Remembering Sonya
Published 11:59 pm Tuesday, March 17, 2009
A week after a lone gunman killed 10 people in a 24-mile rampage that began in Kinston, took him through Samson and ended in Geneva, Cindy Kouvelos of Opp is still trying to comprehend that something like this could happen in her hometown.
And the fact that her cousin, Sonya Lolley Smith, was among his random victims, makes the tragedy almost unbelievable.
“When you have a bad dream, you wake up and eventually realize it didn’t happen,” Kouvelos said. “I kept waiting to wake up. It didn’t seem like it could happen in Samson.”
When they were girls, the two were like sisters.
“We were real close as children,” Kouvelos said. “At one time, we even lived in the house with them. It seemed like years at the time, but it was probably weeks.”
When Kouvelos’s family moved out, they only went next door, so the playmates were not separated often.
“We had a lot of good times together,” Kouvelos said. “Sonya was a tomboy all the way. We were in the creek, in the mud, and always outside.”
And sometimes, they were even in trouble.
“My aunt had a utility shed behind her house with a wringer-type washing machine in it,” Kouvelos recalled. “I’m sure we’d been told at least a 100 times not to touch it, and at least 100 or more we had. I’m sure my aunt had another washing machine, but it wasn’t as intriguing as this one was.”
One day, the two girls decided to help the family out by doing laundry in the wringer washer.
“Sonya got her arm caught in the wringer,” Kouvelos recalled. “What did I do? I took off running.”
In retrospect, Kouvelos wonders why she didn’t just unplug the washer instead of running for her aunt.
“She was up to her elbows when we got back,” Kouvelos recalled. “Fortunately, it didn’t break anything, it just bruised her arm. When they realized nothing was broken, we really got in trouble.”
It was the last time the two tackled the wringer washer, but not the last time they got into mischievous fun.
Kouvelos said memories like that one had been on her mind lately, even before the rampage that took her cousin’s life. Sonya Smith was at a gas station when she was killed.
She worked, ironically, at Reliable, the former employer of the shooter and the site at which the massacre ended when he took his own life.
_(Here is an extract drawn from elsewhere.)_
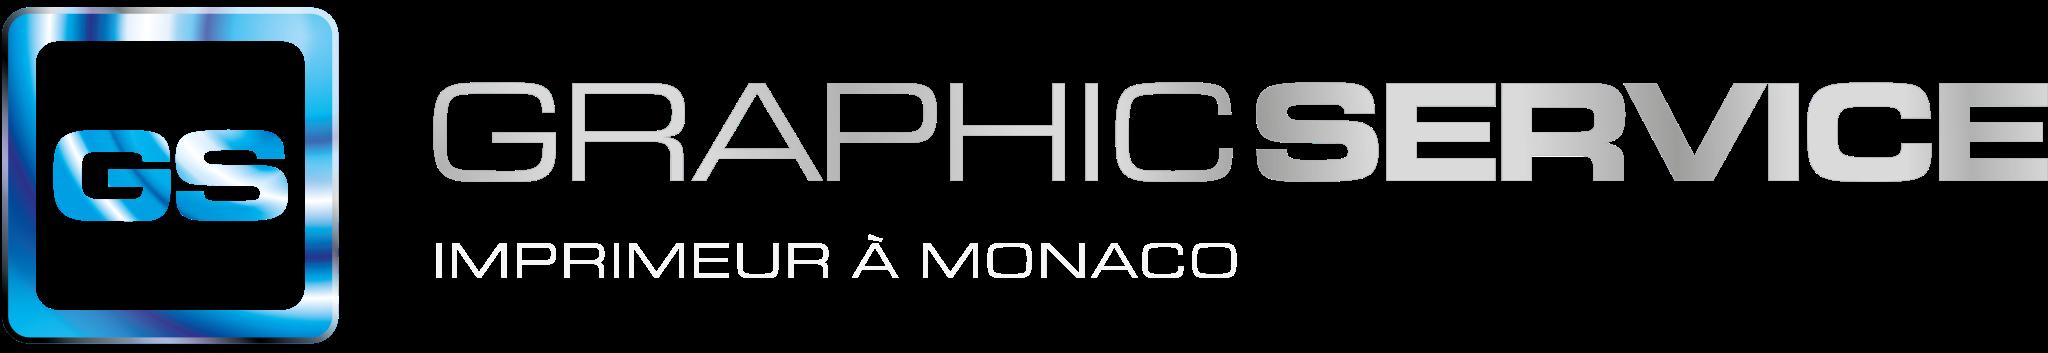 Graphic Service - Imprimeur Monaco

“Sonya didn’t work with him, and didn’t know him, as far as the family knows,” Kouvelos said. “He didn’t know who he was shooting when he shot her because he shot her in the back. It seems she was the first person he saw outside after he left the neighborhood.”
In that neighborhood in Samson, he killed seven people, including several members of his own family.
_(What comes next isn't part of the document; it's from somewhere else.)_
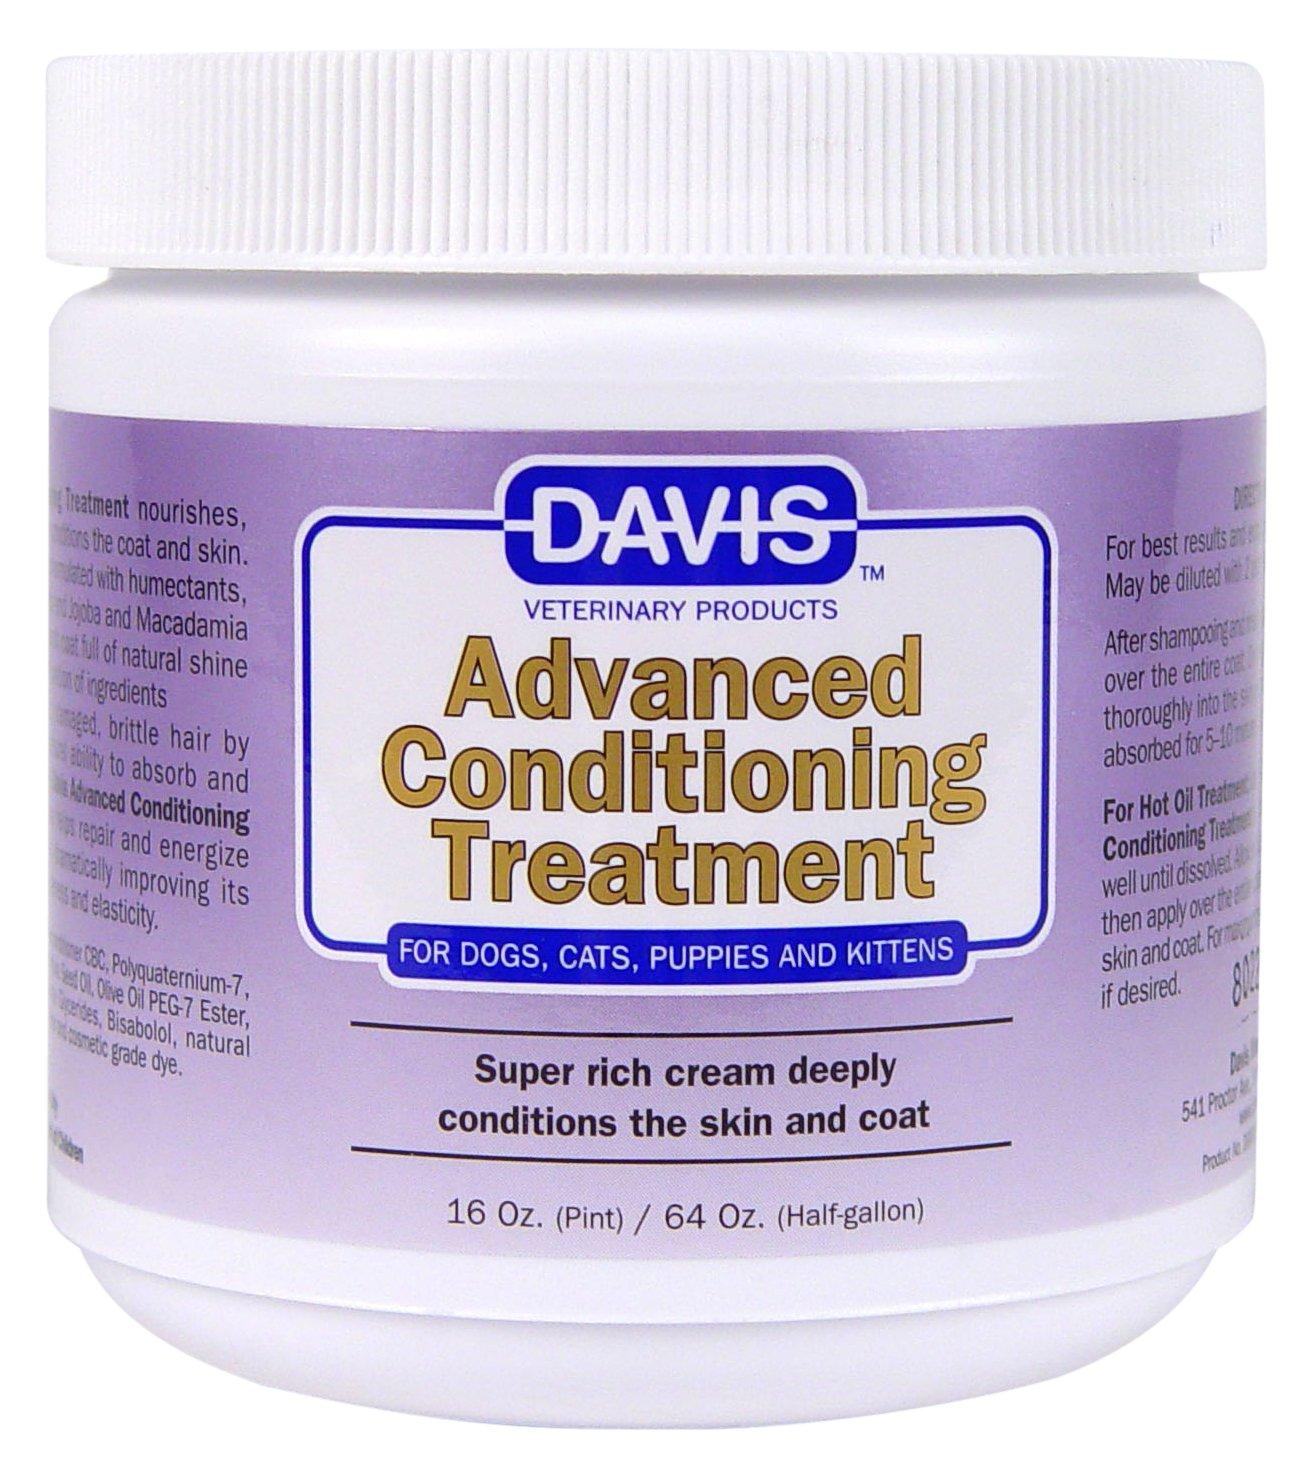 Davis Advanced Conditioning Treatment for Pets, 16 oz

“My husband’s sister works at the bank in Samson,” Kouvelos said. “She called me as soon as she knew that Sonya had been shot.”
At the time, Kouvelos said, the scope of the tragedy was not yet known and it appeared her cousin had been shot in a drive-by shooting. She called her mother.
“She was eating supper at Price’s in Geneva,” Kouvelos said. “My brother had called her and told her about all of the shootings and warned her to stay where she was and get behind something.
“Of course, then she didn’t know about my cousin. When I called her, she stood up, because her first thought was to get to Sonya’s sister.”
As she moved toward the door, Michael McLendon’s car came through the parking lot, followed by “what looked like hundreds of cop cars.”
“We’re a large family, and a close family,” Kouvelos said. “My mother is one of 12 children, and only one of them (Sonya Smith’s mother) has passed away.”
The family, which includes more than 30 grandchildren and so many great-grandchildren they’ve lost count, gathers every other year for a family reunion. Those who live close enough share a Christmas dinner on the second Saturday of every December.
“You see people today who don’t know who their cousins are,” Kouvelos said. “We know each other.”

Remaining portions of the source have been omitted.